Earlier today I wrote:

Is there a physicist out there who can answer in a nice way as to why
satellites would have a tendency to wander and escape a swallowing up
of their gas giant parents? My intuition would tell me that if you had
big balls and little marbles going around the big balls and if the big
balls come together in one place (swallowing up) that the marbles
should also be swallowed up and not escape the swallowing. Perhaps
there is some tendency that I am forgetting about. Perhaps the
behaviour of Pluto as it seems to be escaping from the errant
wandering of Neptune, lies the answer.


And coming to think about it more and more, I figure that the Solar
System, unlike electrons orbiting a nucleus, constantly lose energy
and gravitate towards the center of the SolarSystem which would be the
Sun. But since the decrease in orbits is uneven a twin star may emerge
from the coalescence of the gasgiants. But in this breaking down of
gasgiant orbits do the moons of the gasgiants luckily escape the
Swallowing? I can see where perhaps 1/2 of the satellites of the
gasgiants of Jupiter, Saturn, Uranus, Neptune could escape the
Swallowment.
Because their orbit around their gas giant is on the farside when that
gasgiant is pulled each "periodic year" into this decreasing orbit of
the SolarSystem.
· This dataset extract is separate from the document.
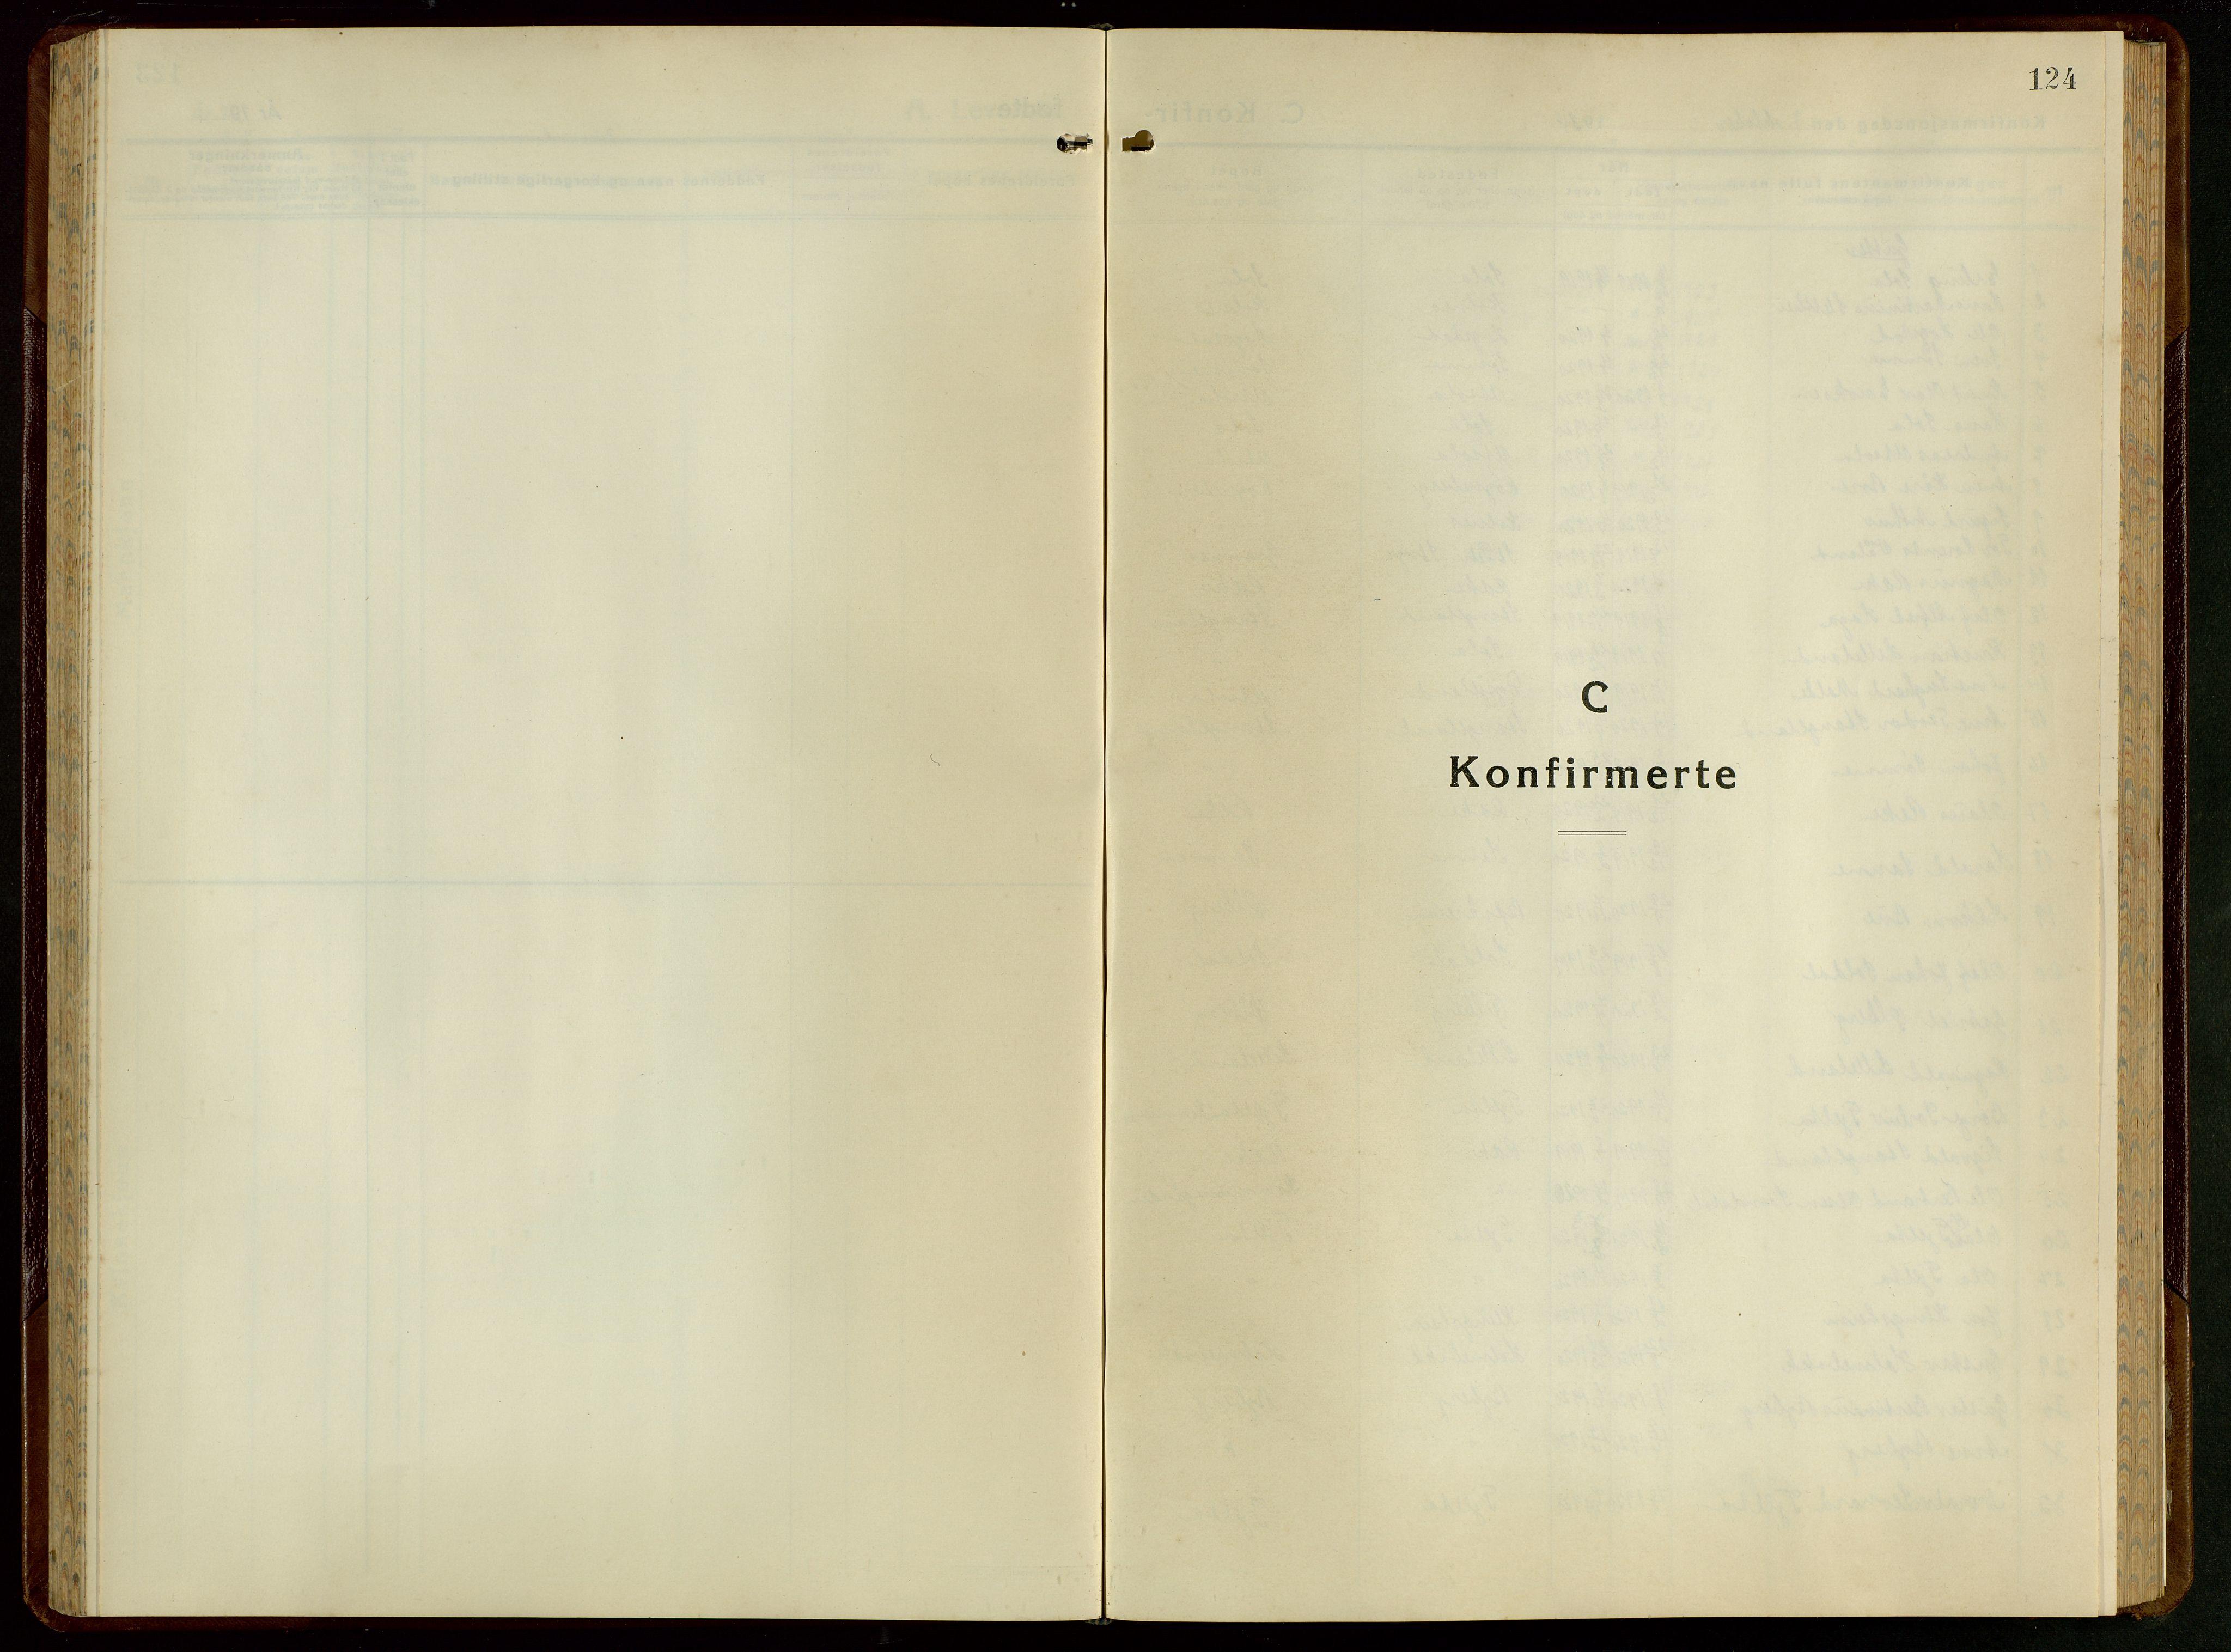 SAST, Håland sokneprestkontor, 30BB/L0005: Klokkerbok nr. B 5, 1934-1955, s. 124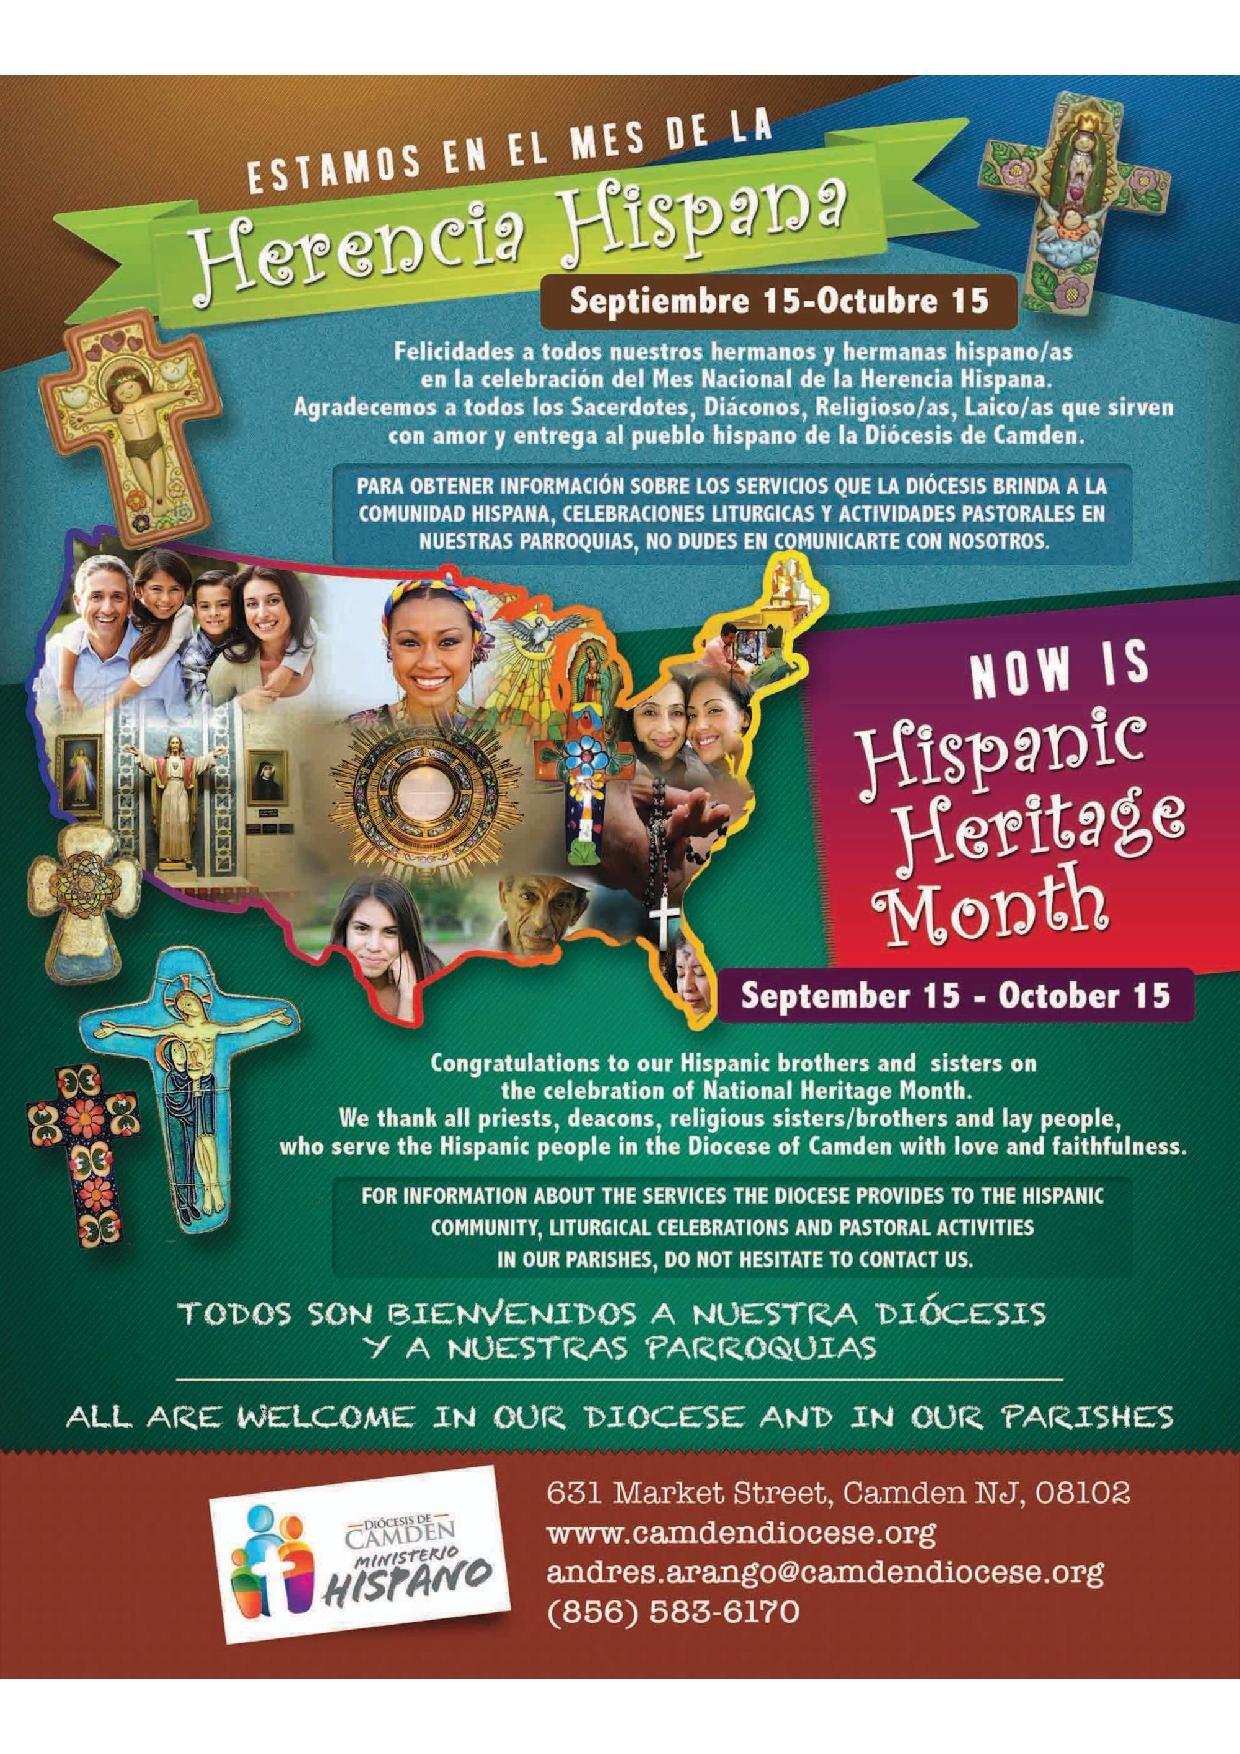 Herencia Hispana Diocese Of Camden

And some periodic-years where say Jupiter, Saturn and
Uranus are aligned in their orbit where the pull on Neptune is so
large that Neptune violently breaks its old orbit and is pulled
further away from its moon of Pluto.

I do not know how many gasgiants existed in CellWell1 where the Sun
remains as the Swallowment and where Mercury, Venus Earth and Mars
were the lucky moons that escaped their gas giant parent.

Looking at CellWell2 of the gasgiants of Jupiter, Saturn, Uranus,
Neptune that by the time of their Swallowment they would be a tiny new
star, but a supercomputer could figure out where in our SolarSystem
this second star would be created. And would Europa be spared of
swallowment? Pluto would be spared for it already has the orbital
status of a planet itself when it was some billion years ago still a
moon of Neptune.

So in the above I feel there is the innate mechanics in all
SolarSystems for their wandering gasgiants to coalesce and form a new
star and that their satellites wander alone and becoming fullfledged
planets.

Keep in mind that Solarsystems keep growing in mass every day from the
cosmic rays shot from the Nucleus of the AtomTotality and so by the
day of Swallowment for Jupiter and the gasgiants of CellWell2, they
will be many times more massive than at present and result in a newly
shining small star. That is the reason why we see so many exoplanets
in alien solarsystems of having such huge massive exoplanets circling
their own Sun. Because those alien exoplanets are in last stages of
Swallowment.

But a supercomputer should be given the task of figuring out where our
gasgiants will meet and be Swallowed up to form a new star alongside
our Sun. And to compute as to how many of the gasgiant satellites will
survive the Swallowment. And to compute whether Pluto was indeed a
moon of Neptune some long past years ago.